Prominent among those was the May 4 settlement between the federal government and the former chief compliance officer of MoneyGram International, Inc., of civil charges that he failed to stop specific money laundering activities. The settlement provided for a $250,000 fine and a three year ban on serving as a compliance officer for a money transmitter. In a similar matter, a federal appeals court recently denied the petition of former compliance executive to overturn a decision keeping him imprisoned before trial on charges he participated in alleged fraud by his employer.
Other relevant developments include a recent global survey of compliance officers that identified substantial compliance staffing concerns and funding deficits at companies of 10,000 or more employees. In addition, the influence of the DOJ’s internal compliance consultant appears to have diminished, both by comments of a senior official of its Criminal Division, and by the public controversy prompted by that consultant’s own tweets criticizing the Trump Administration.
Fascinating Nonprofit Derivative Action
The legal implications of internecine disputes in the nonprofit context are on display in an ongoing derivative action involving a large Pennsylvania charity and its affiliate. The action arose from allegations of executive financial mismanagement and an effort to reconstitute the boards of the two corporations.
The litigation involves a nonprofit historic preservation and education organization, with an endowment of approximately $100 million. The action was filed by the charity and several former trustees. The defendants are the CEO, and the current and former board chairs. According to news reports, the breach of duty-based litigation arose from concerns of board members with the financial stewardship of the CEO; his control over the organization; efforts to remove dissident directors and to dilute their influence; and a failure to implement recommendations of a governance task force.

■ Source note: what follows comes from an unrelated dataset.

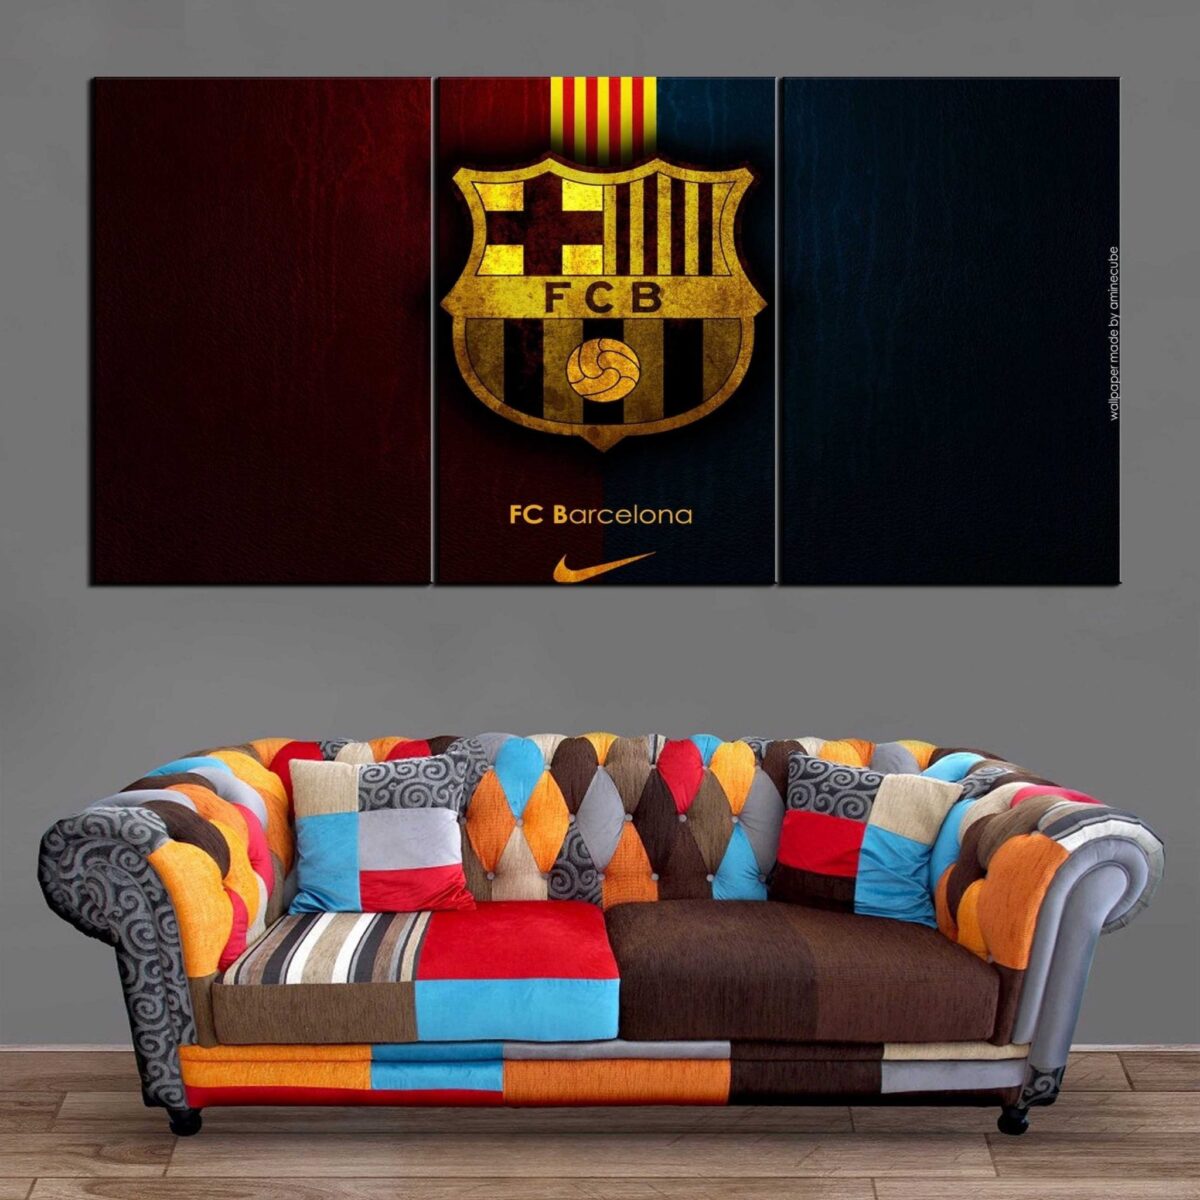 Décoration Murale Football FC Barcelona

The latest development relates to whether the attorney-client privilege applies to the work of the investigative committee. The litigation continues despite the recommendation of that committee that it not be pursued. As such, the litigation offers reminders of the potential for contentious internecine disputes arising from governance concerns, the intensity of those disputes, and the fact that some states allow such disputes to be pursued as derivative actions.
Board Diversity Developments
New studies by consulting groups and media organizations serve to provide informal but useful guidelines by which health system boards may evaluate their progress towards achieving ethnic, gender and perspective-related diversity goals.
For example, a new report from the EY Center for Board Matters concludes that women now represent almost 40 percent of new directors on the boards of Fortune 100 corporations. These new female directors are slightly younger (57) than their male new director counterparts (59). In addition, many of these new women directors have backgrounds apart from serving as a senior corporate executive (e.g., scientists, educators, former government officials). A separate study by Deloitte of Fortune 500 companies showed similar, significant increases in the number of women and minorities being appointed to the board.
In contrast, a new study conducted by The Chronicle of Philanthropy suggests that at the largest charitable grant-making foundations, progress towards board diversity is a slower process. According to The Chronicle, control of these prominent foundations remains predominantly in the so-called “coastal elite.” The Chronicle notes, however, that such conclusion may not be suggestive of the range of socioeconomic diversity or range of perspectives of the board of a particular foundation.